Even though Andros is a short boat ride from Mykonos, it couldn't be more different. It's not commercial, not developed, it doesn't fit the stereotype of a Greek island. We usually dedicate a day to going to the main town to see the Goulandris Museum exhibition. Sometimes there's a festival with traditional music and dancing, or we'll visit my parents' village, where we get to taste my father's horrifying wine and listen to his sailor stories in broken English.

I'm just a small dot in the whole picture of what's happening in Greece now. But there are so many positive, creative things going on here, and we have to keep our chin up and persevere, despite the bad publicity, some deserved and some not. Good things are being pushed aside, buried, amidst all the doom and gloom.

But here I am celebrating ten years of the Aegean Arts Circle, against all odds. And my hope and aim in the next ten years is to expand it to include other forms of art -- painting, music, script writing. My dream is to convert an old silk factory in my parents' village into an artists' retreat. But in the meantime, when July comes, I'll be just another writer learning from Robert Olen Butler.
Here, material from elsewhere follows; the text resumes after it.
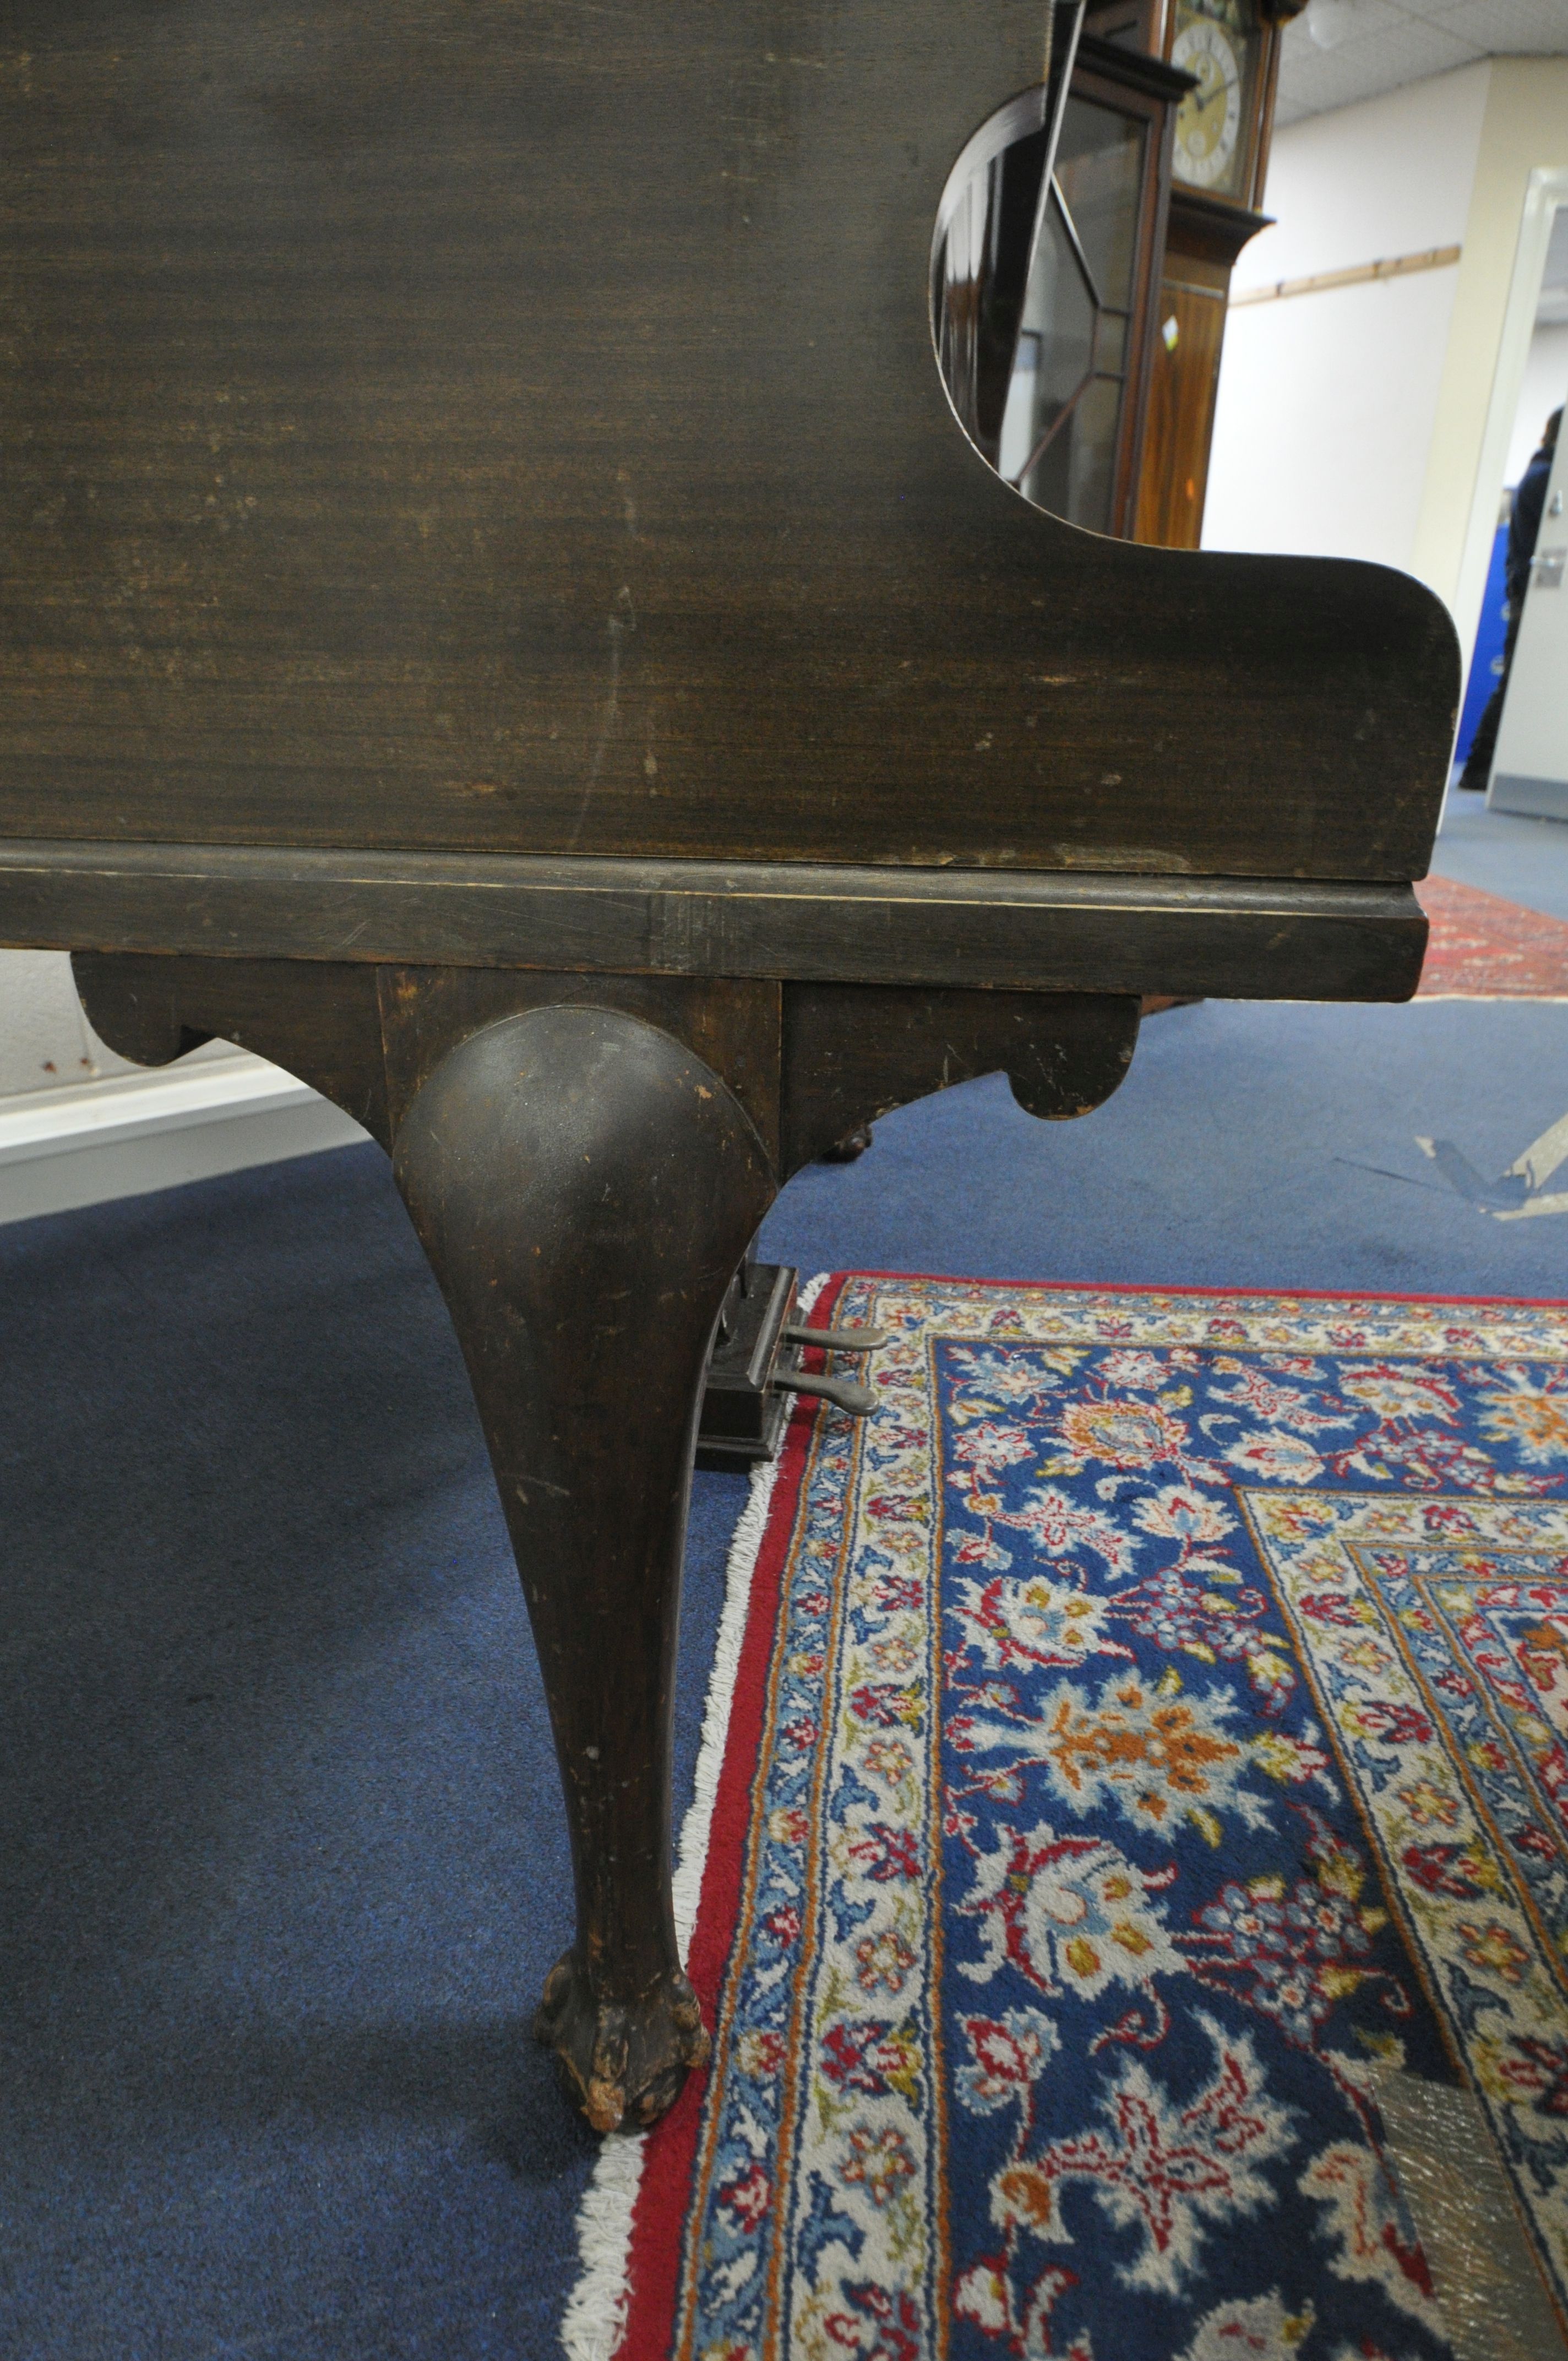 A CHALLEN MAHOGANY 4FT 7 INCH BABY GRAND PIANO, serial number 46474, bone keys, on cabriole legs, - Image 6 of 9

Amalis Melis has 25 years of experience in all types of writing in Greece and the U.S. She leads writing workshops herself at the Institute of Innovation & Creativity and at the American Community School in Athens. And when confronted by a stubbornly blank page, she turns to making wire/metal sculptures out of found objects. Two of them were chosen for a SWAN Day group show of women artists in Berlin in 2010. "I believe all art forms are connected and I love it that this runs parallel to my writing. I do believe that we have to create to exist, be it writing or other forms of art.